▸ Problem details
A verbatim copy of the data is wanted, minus any picture in it.

▸ Data segment

--*--

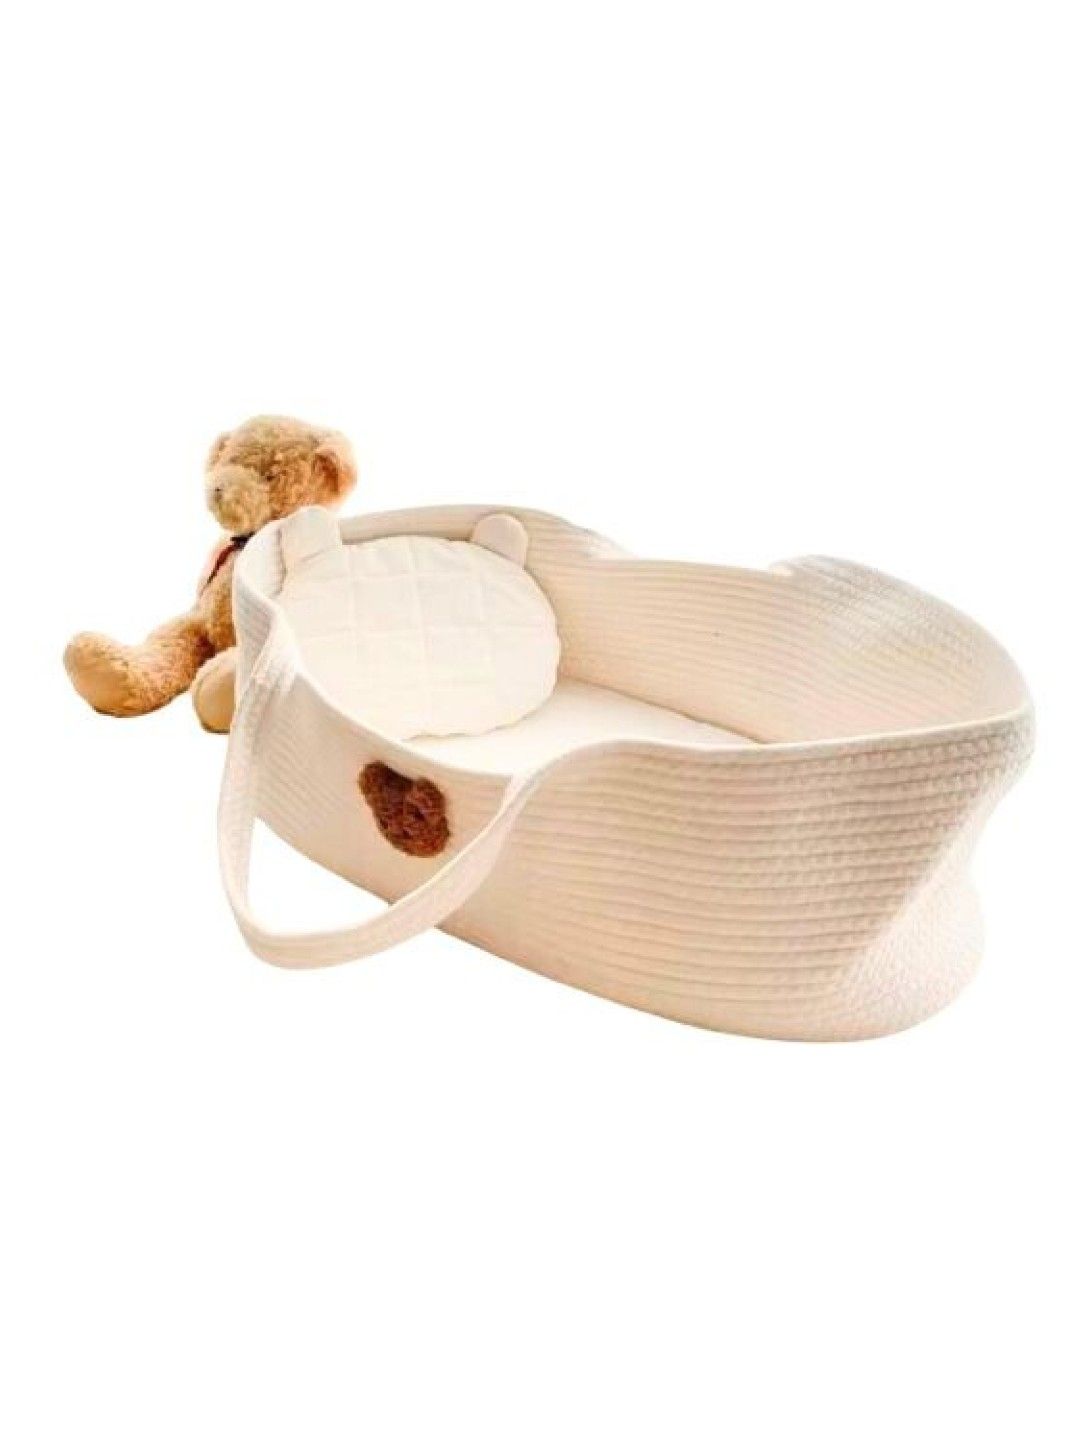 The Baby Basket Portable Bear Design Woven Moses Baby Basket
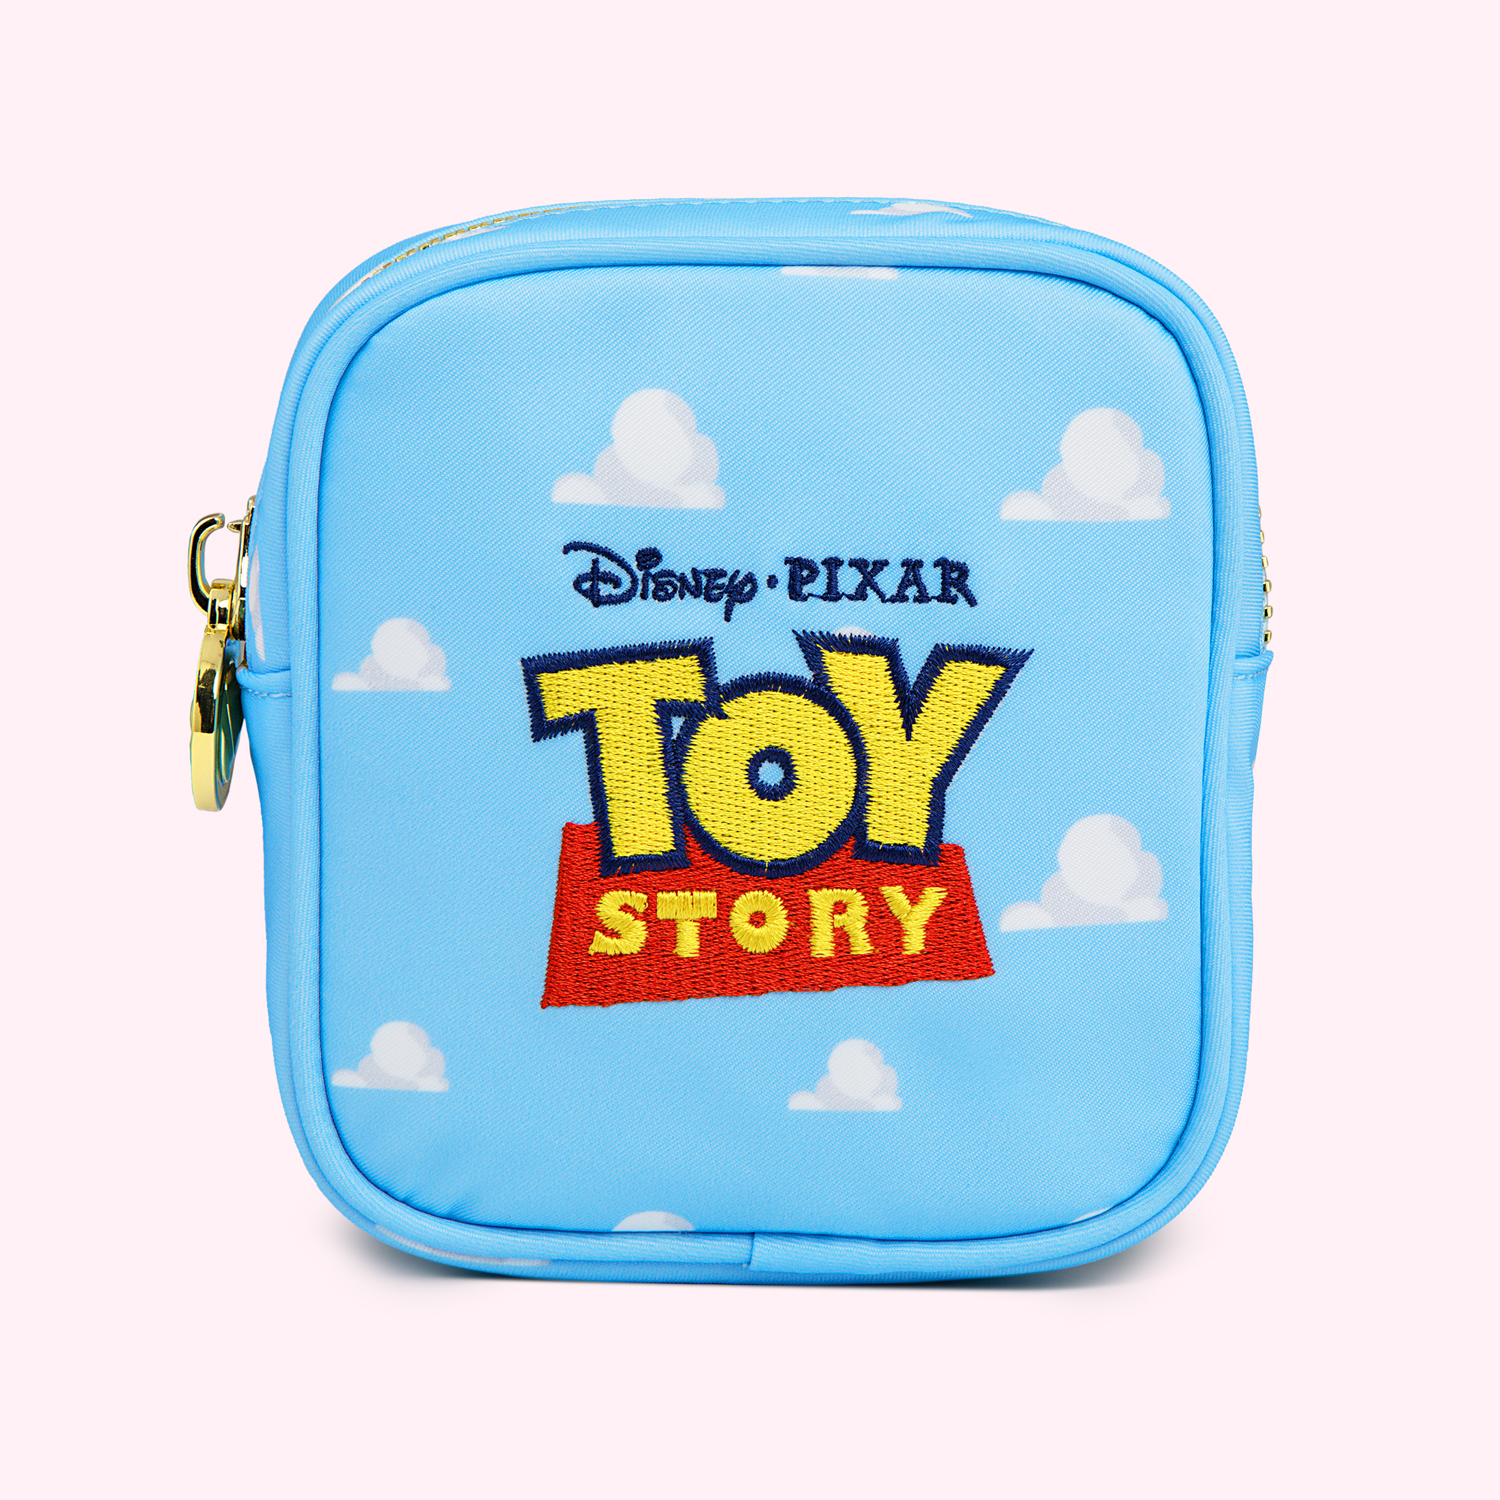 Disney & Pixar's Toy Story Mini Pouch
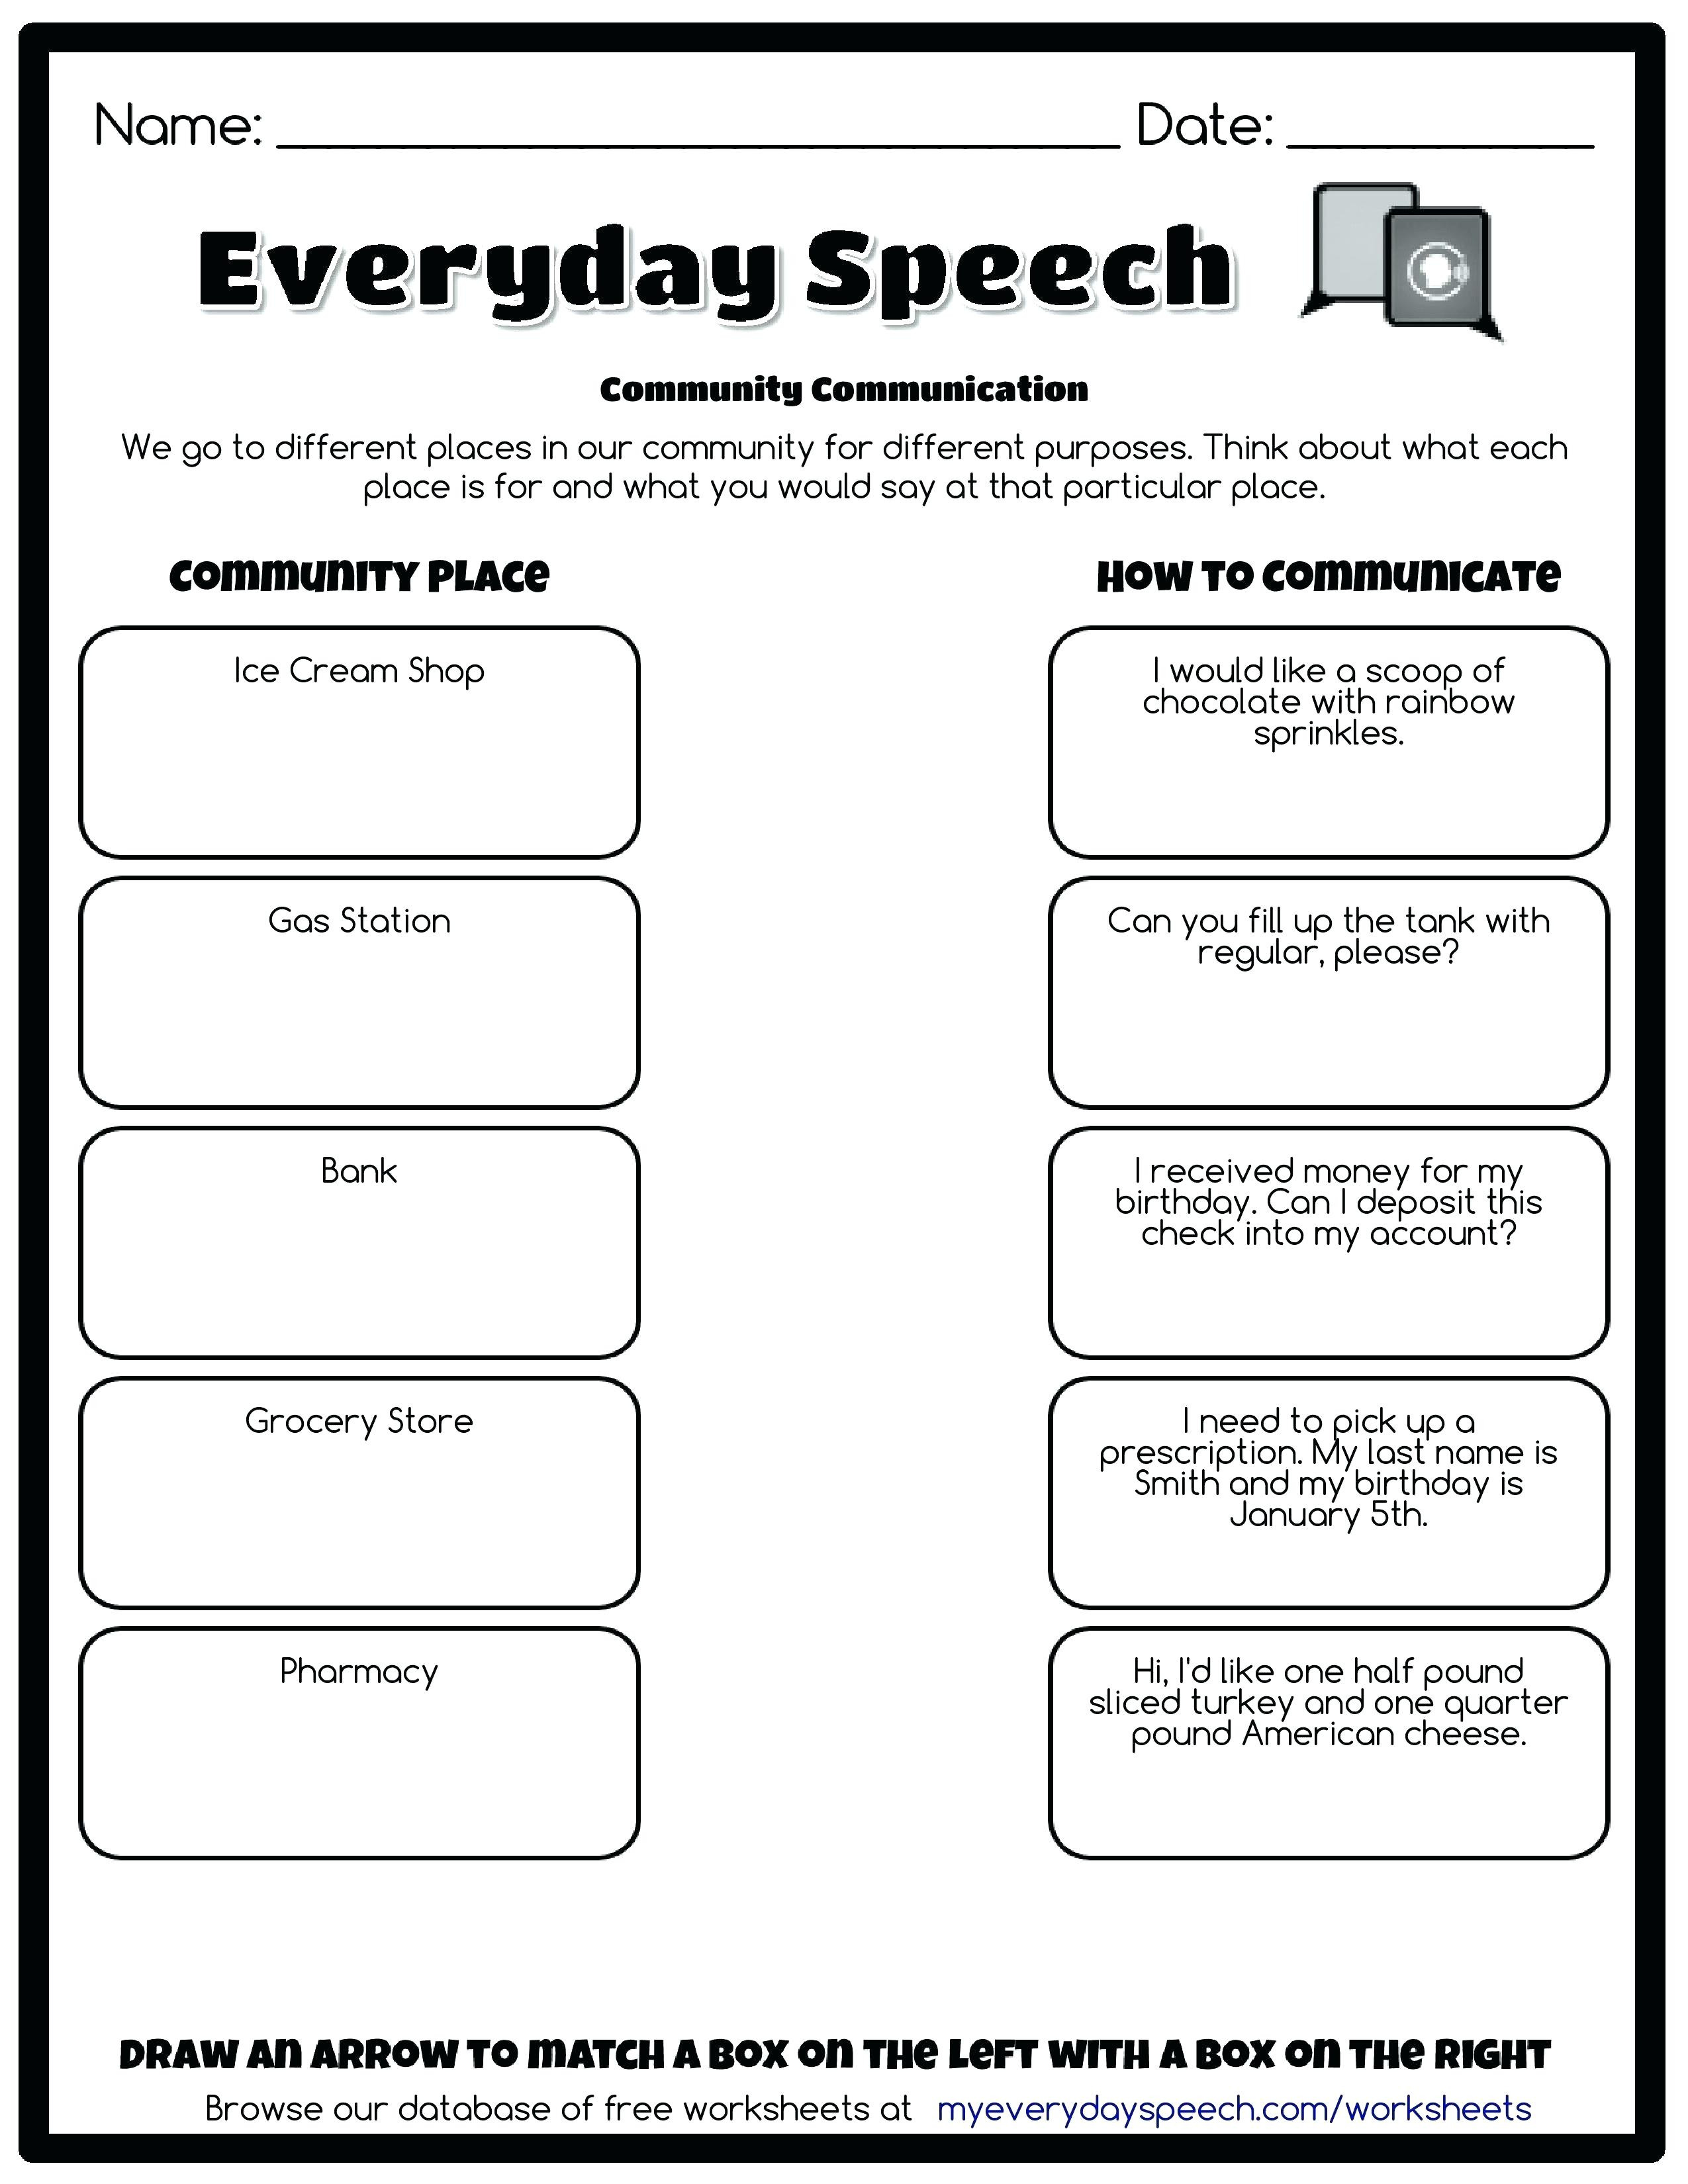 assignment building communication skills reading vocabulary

--*--

▸ Answer to the problem
 The Baby Basket Portable Bear Design Woven Moses Baby Basket
 Disney & Pixar's Toy Story Mini Pouch
 assignment building communication skills reading vocabulary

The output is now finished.